**Data below**:
BEGIN

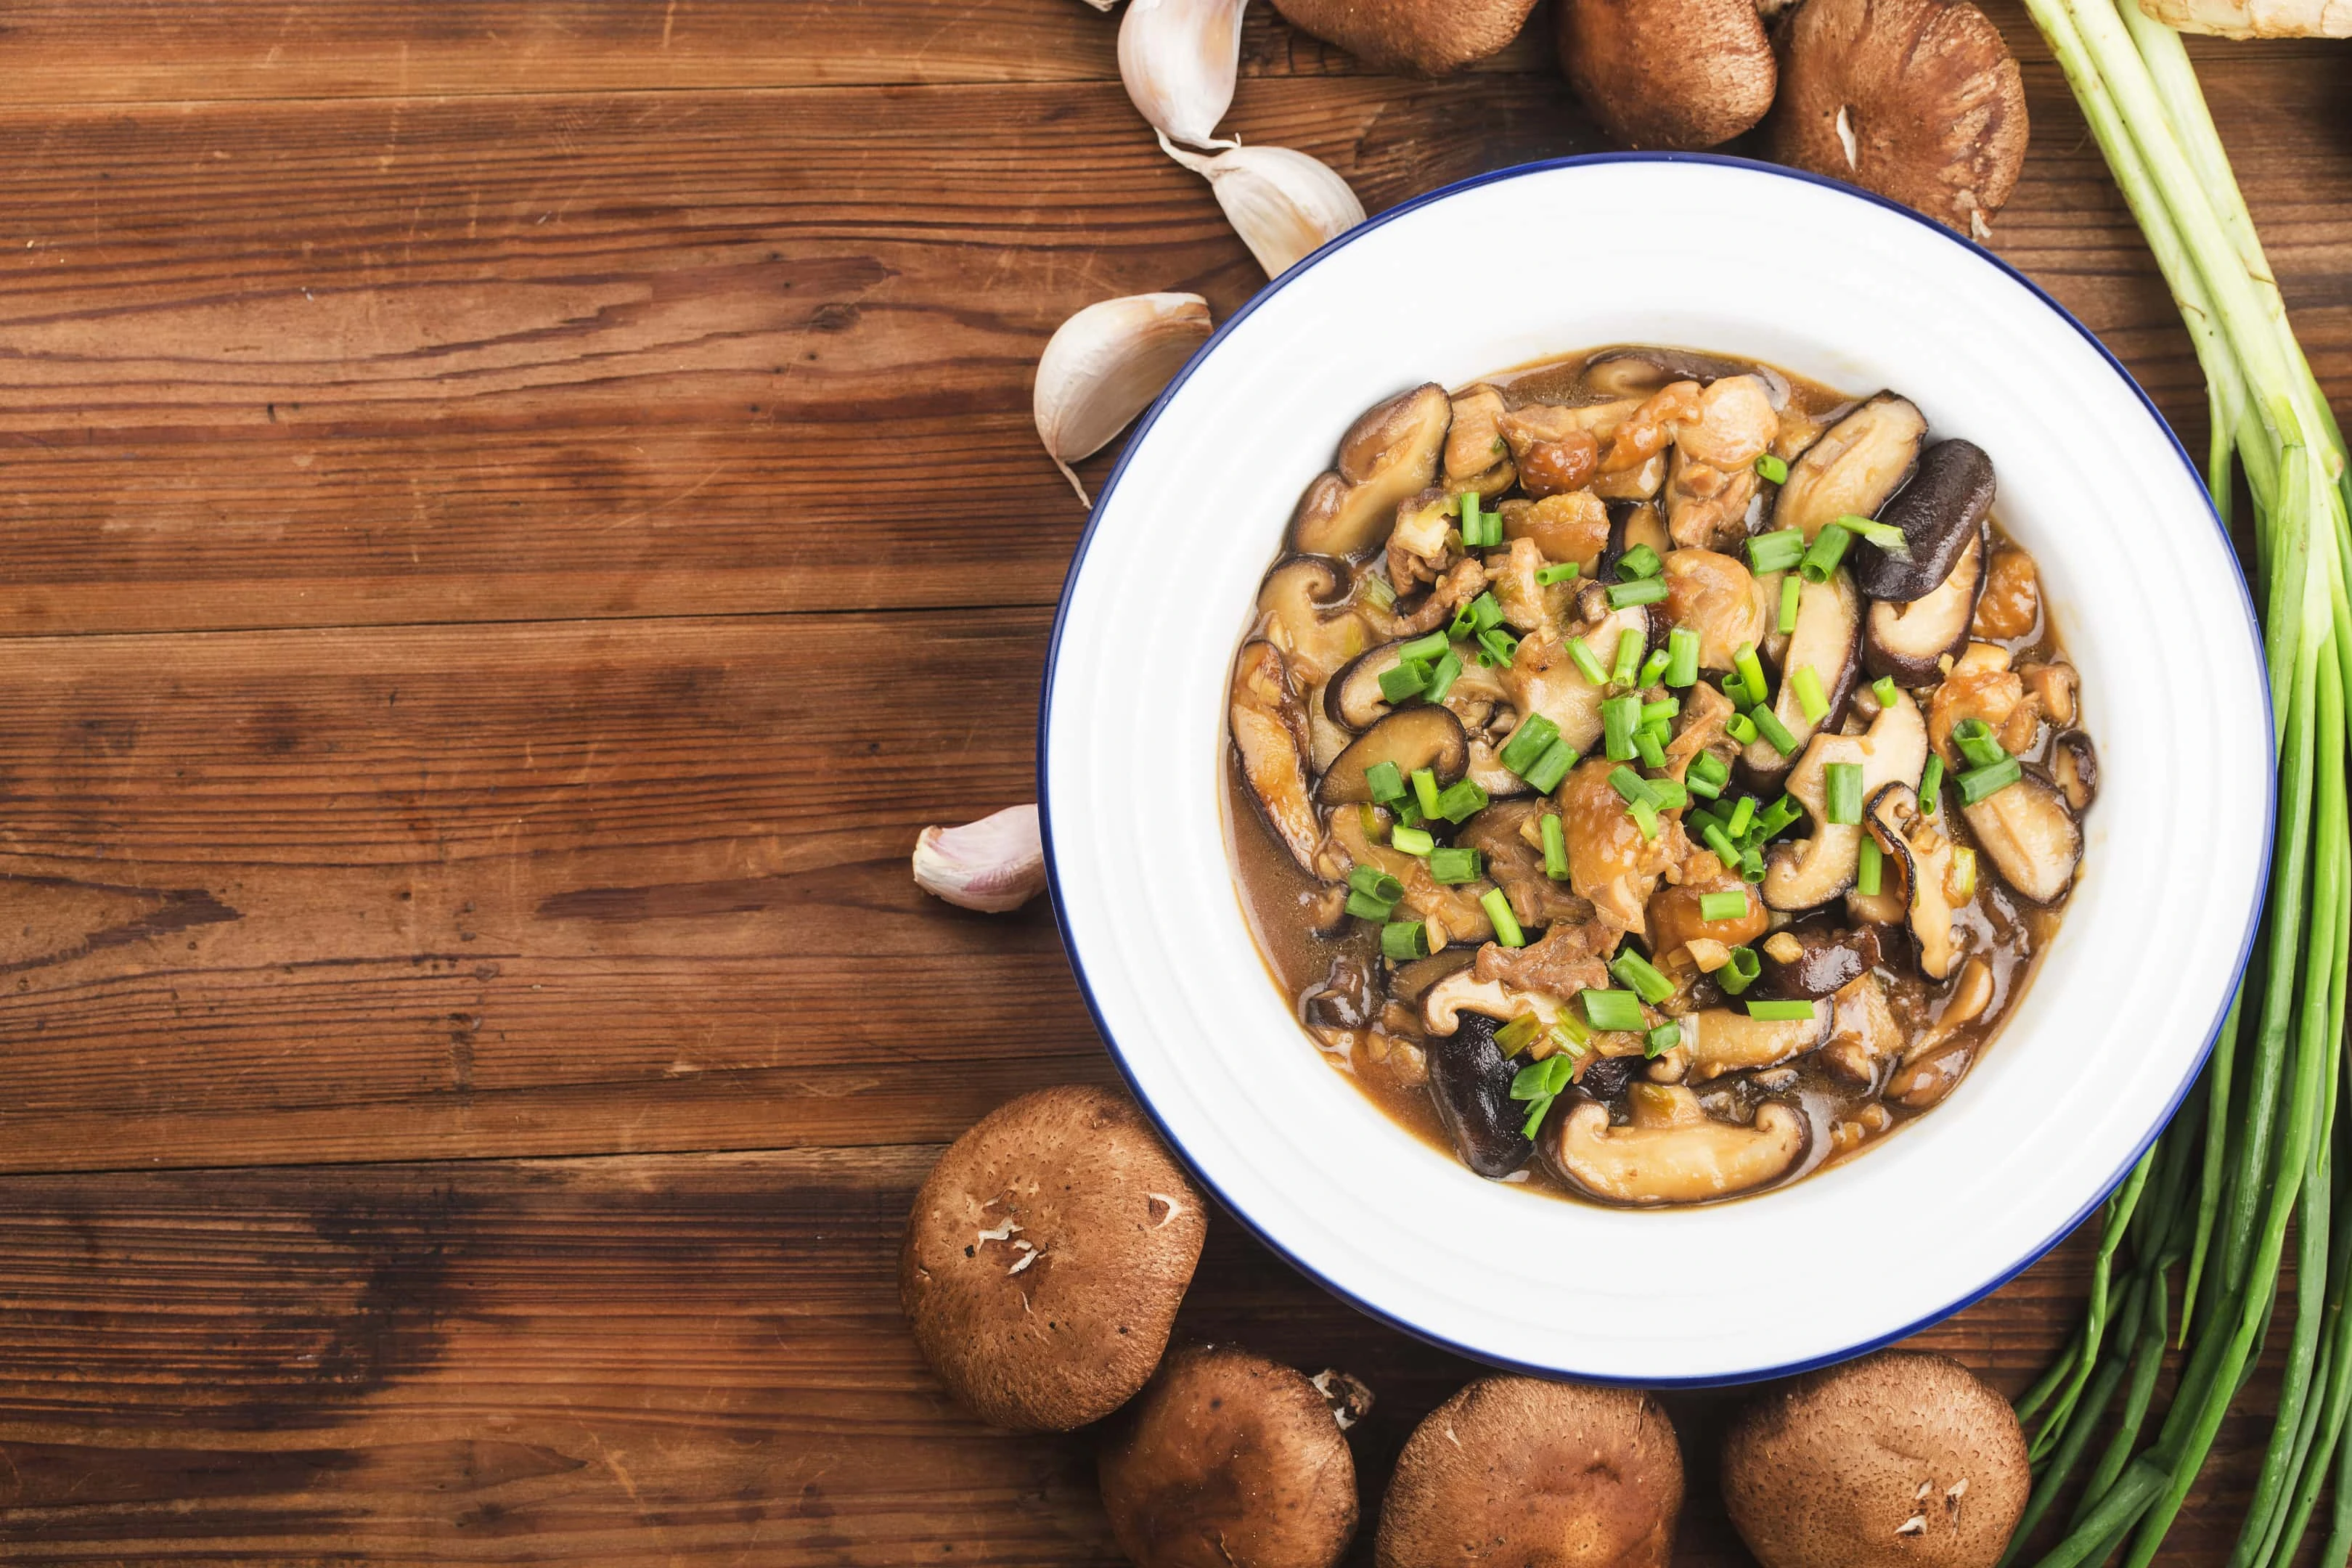 Chinese food — shiitake mushroom stir fried with chicken
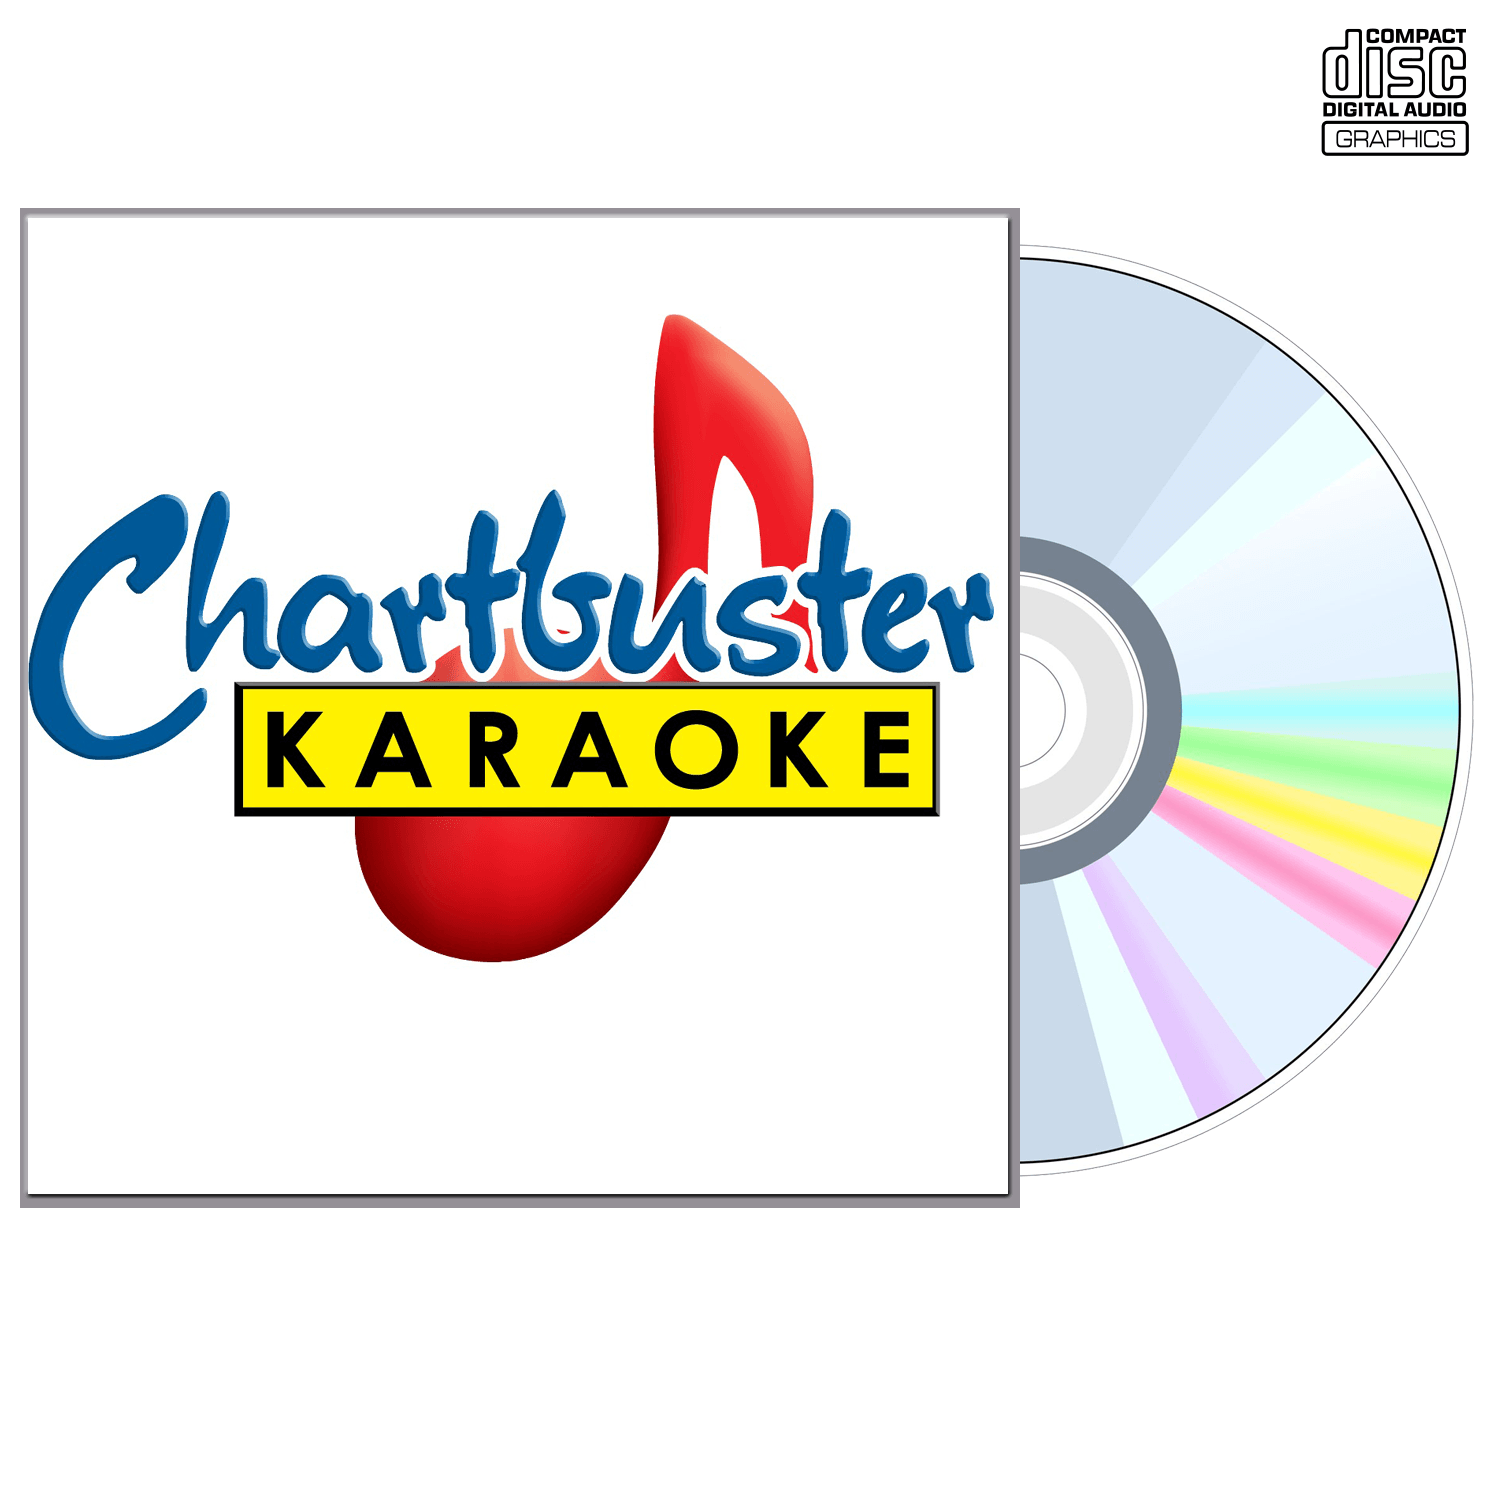 Glen Campbell - CD+G - Chartbuster Karaoke - Karaoke Home Entertainment
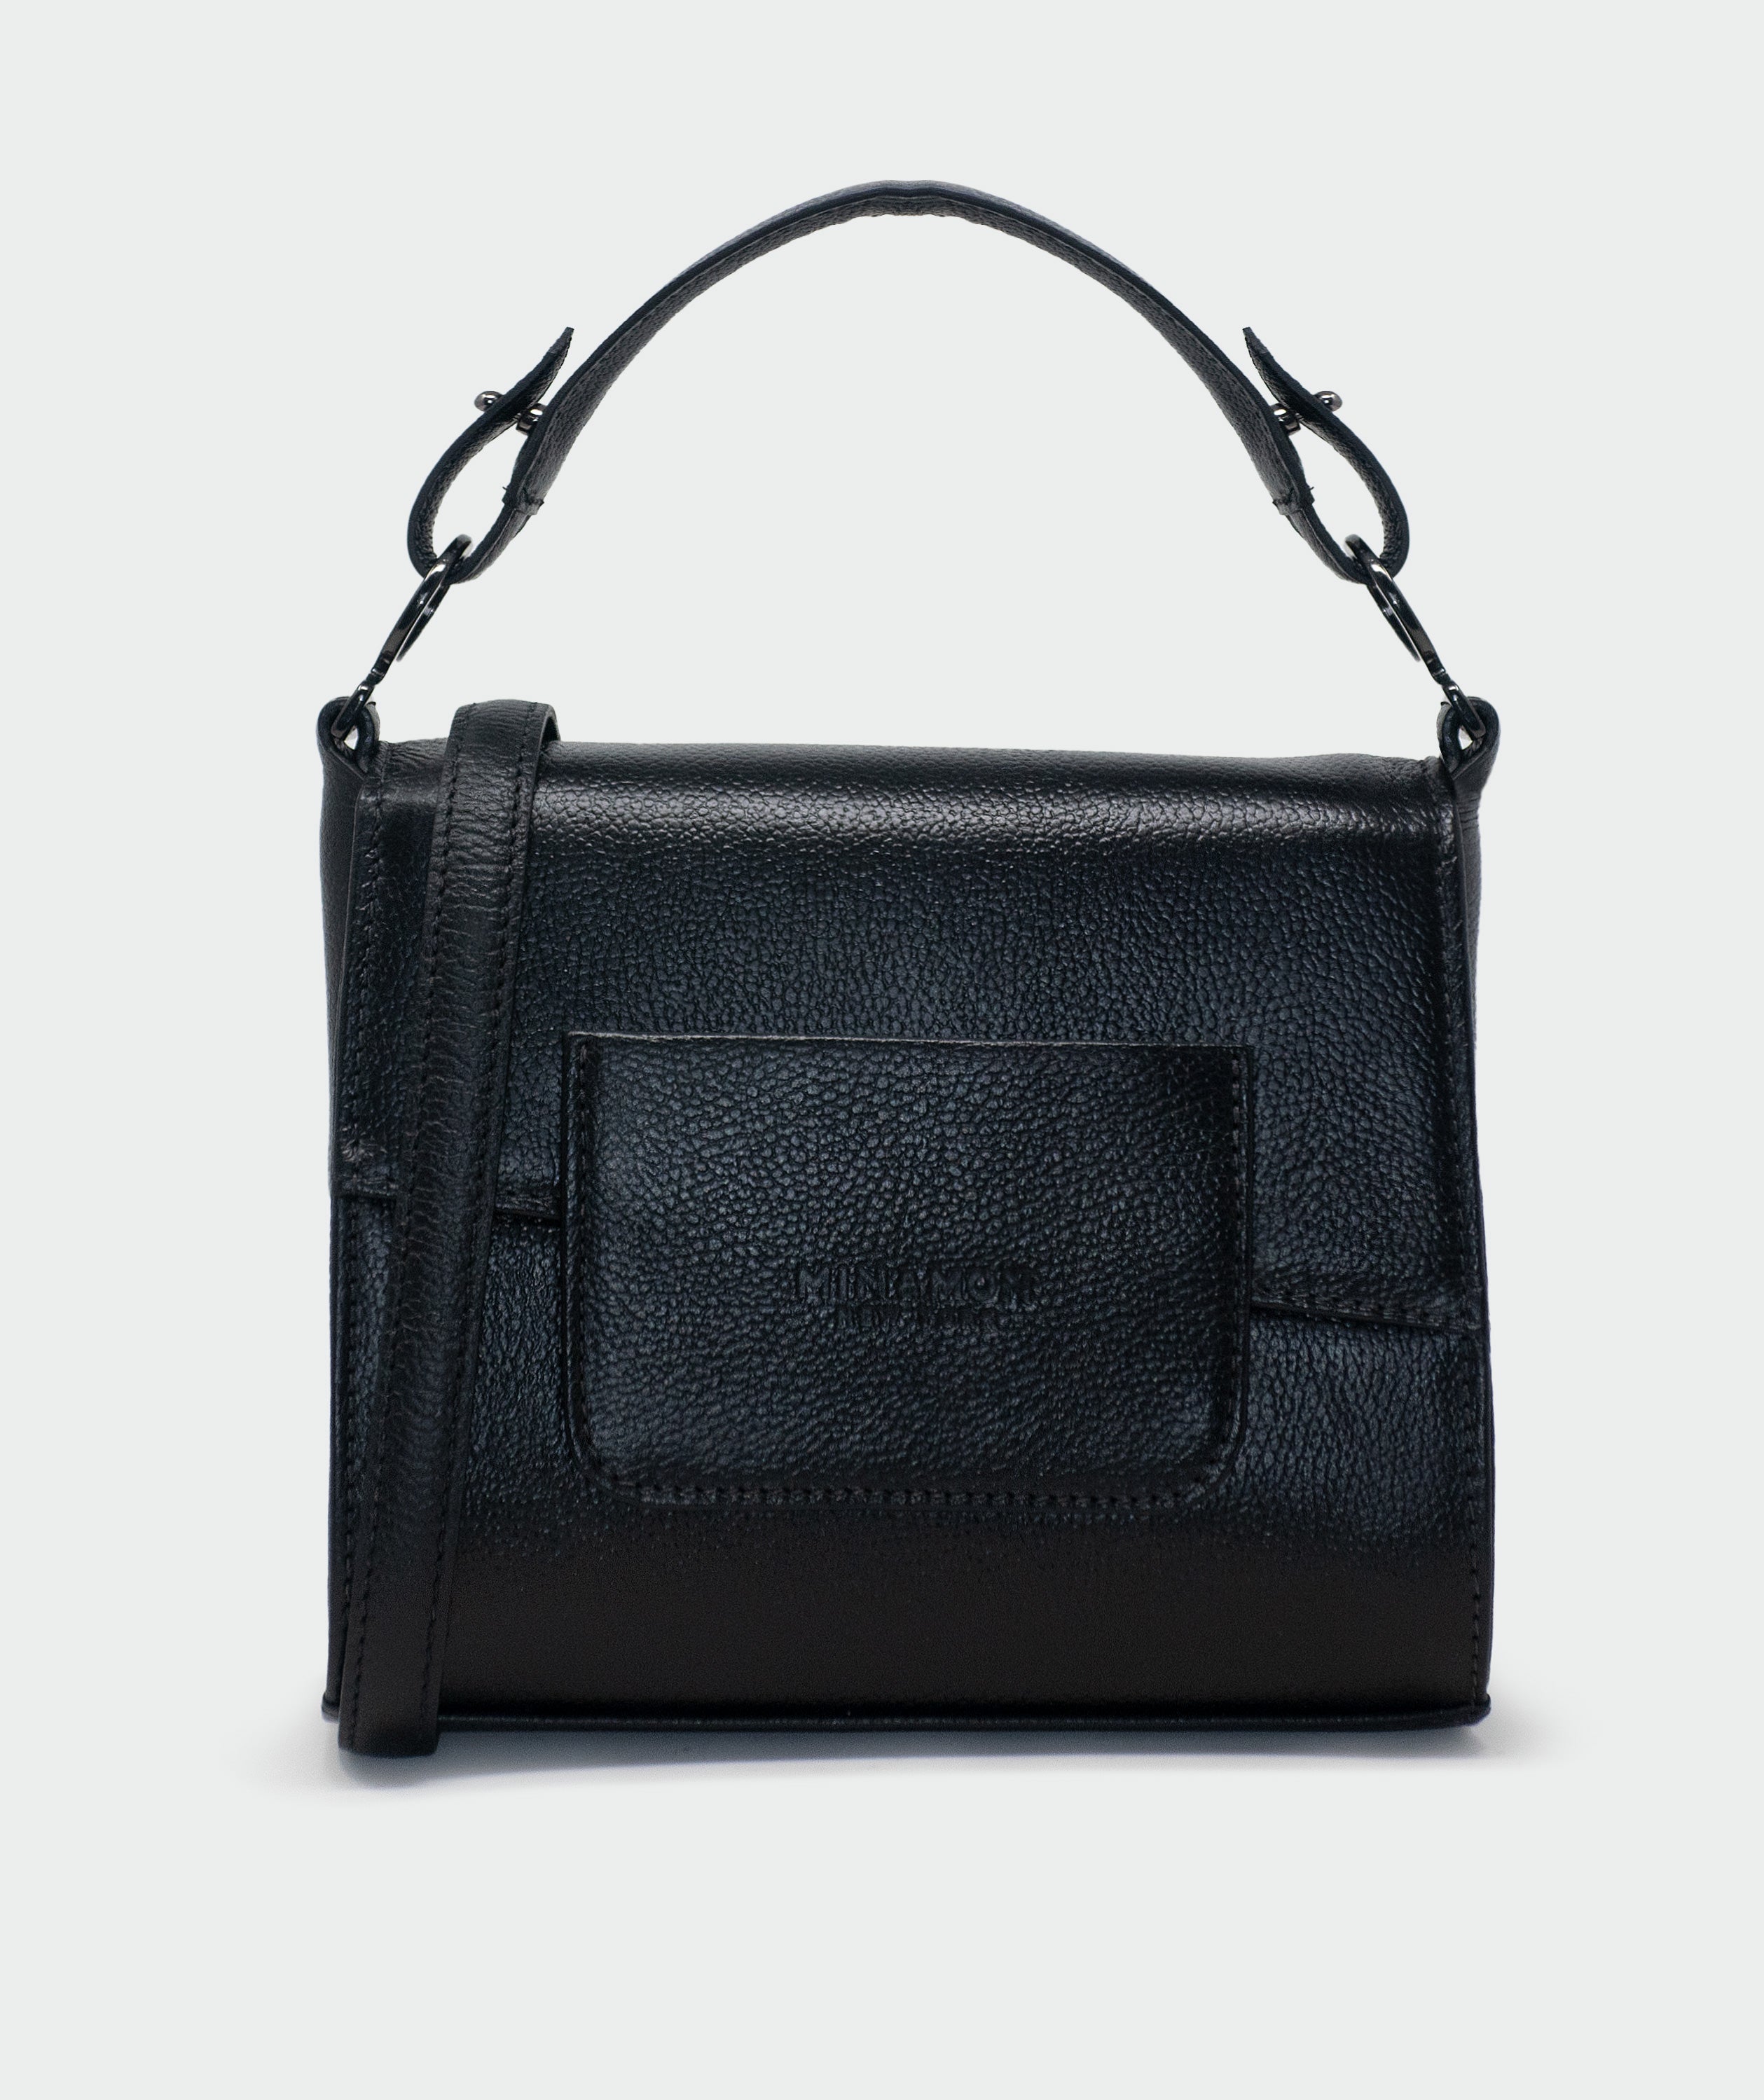 Anastasio Micro Crossbody Handbag Black Leather - Eyes Embroidery Print - Back view

END

**What is expected**: Reproduce the full listing above verbatim, with no pictures included.

**Task result**:
 Chinese food — shiitake mushroom stir fried with chicken
 Glen Campbell - CD+G - Chartbuster Karaoke - Karaoke Home Entertainment
 Anastasio Micro Crossbody Handbag Black Leather - Eyes Embroidery Print - Back view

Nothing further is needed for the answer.